Each example demonstrates the same rule:
- resolve exactly when the input matches the authored system
- refuse or narrow cleanly when it does not
The point is not that ChatPDM can return an answer.
The point is that it does not let incorrect meaning enter the system silently.
Semantic Drift (Critical Example)
Input A: "The tenant must vacate within 30 days."
Input B: "The tenant must vacate within one month."
→ NOT equivalent
Why this matters These statements appear interchangeable but are not.
Impact if wrong "30 days" and "one calendar month" can produce different legal deadlines, especially across months of different lengths.
Without ChatPDM A system may treat these as equivalent and enforce an incorrect deadline.
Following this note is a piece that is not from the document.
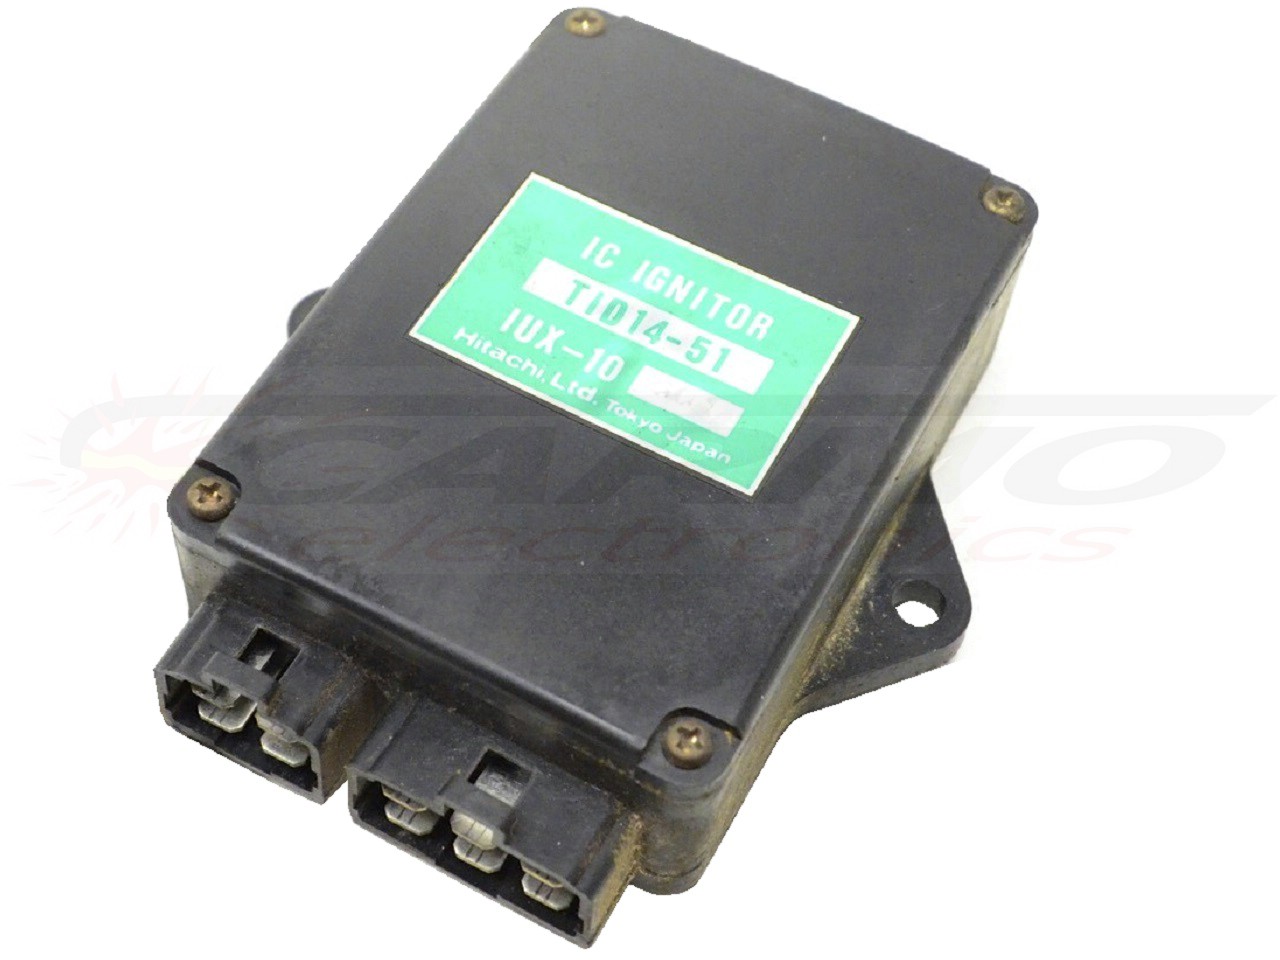 FJ1100 igniter ignition module CDI TCI Box Hitachi TID14-51 1UX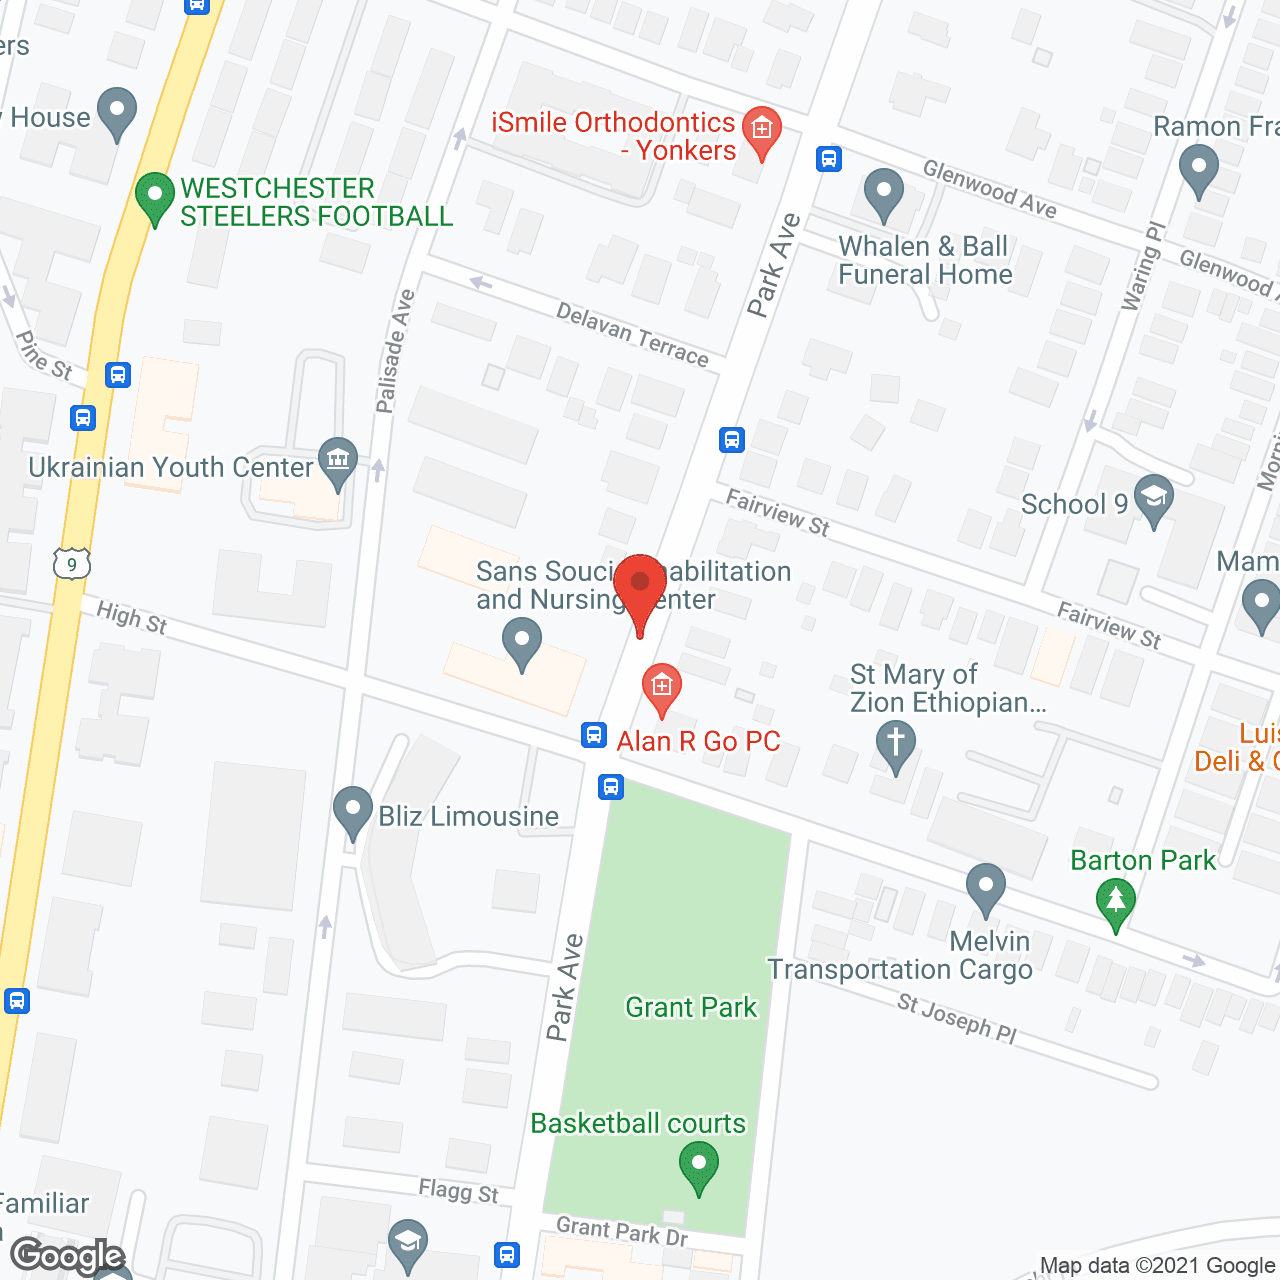 Sans Souci Rehabilitation and Nursing Center in google map

With ChatPDM The difference is detected and not silently accepted.
Exact Match
GET /api/v1/concepts/resolve?q=authority
→ concept_match
→ Authority
Why this matters
A canonical concept was requested directly, so the system can resolve it without drift.
Impact if wrong
If a system loosely rewrites or reinterprets even exact concept requests, the canonical layer stops being trustworthy.
Without ChatPDM
A system may still return something that looks correct, but there is no guarantee it is anchored to the authored concept boundary.
With ChatPDM
The request resolves directly to the canonical concept and stays inside the defined domain.
Subtype (No Exact Match)
GET /api/v1/concepts/resolve?q=civic%20duty
→ no_exact_match
→ No exact canonical concept match
→ suggestion: duty
Why this matters
"Civic duty" sounds related, but it is not the same as a canonical authored concept in the system.
Impact if wrong
If the system silently upgrades related language into a canonical concept, it introduces semantic drift at the point of interpretation.
Without ChatPDM
A loose system may treat "civic duty" as if it were already defined and resolve it anyway.
With ChatPDM
The system refuses exact resolution, preserves boundary integrity, and suggests the nearest canonical concept without pretending equivalence.
Out of Scope (Example)
Query:
"spiritual authority in nature"
→ out_of_scope OR refusal
Reason:
- outside governance domain
- no valid concept mapping
Why this matters
The input contains language that may be meaningful in a broader human or philosophical sense, but it does not belong to the governed domain ChatPDM is authorized to resolve.
Impact if wrong
If the system tries to interpret out-of-domain language anyway, it stops being a deterministic governance system and becomes a guessing engine.
Without ChatPDM
A general system may produce a fluent interpretation that sounds intelligent while crossing the domain boundary.
With ChatPDM
The system refuses or marks the input out of scope instead of manufacturing meaning.
Key Observation
The system does not:
- stretch meaning
- reinterpret loosely
- generate approximations
- promote related language into canonical meaning without authority
It either:
- resolves exactly
- narrows safely
- or refuses clearly
That is the point of the system.
It is not designed to sound plausible.
It is designed to prevent silent semantic drift.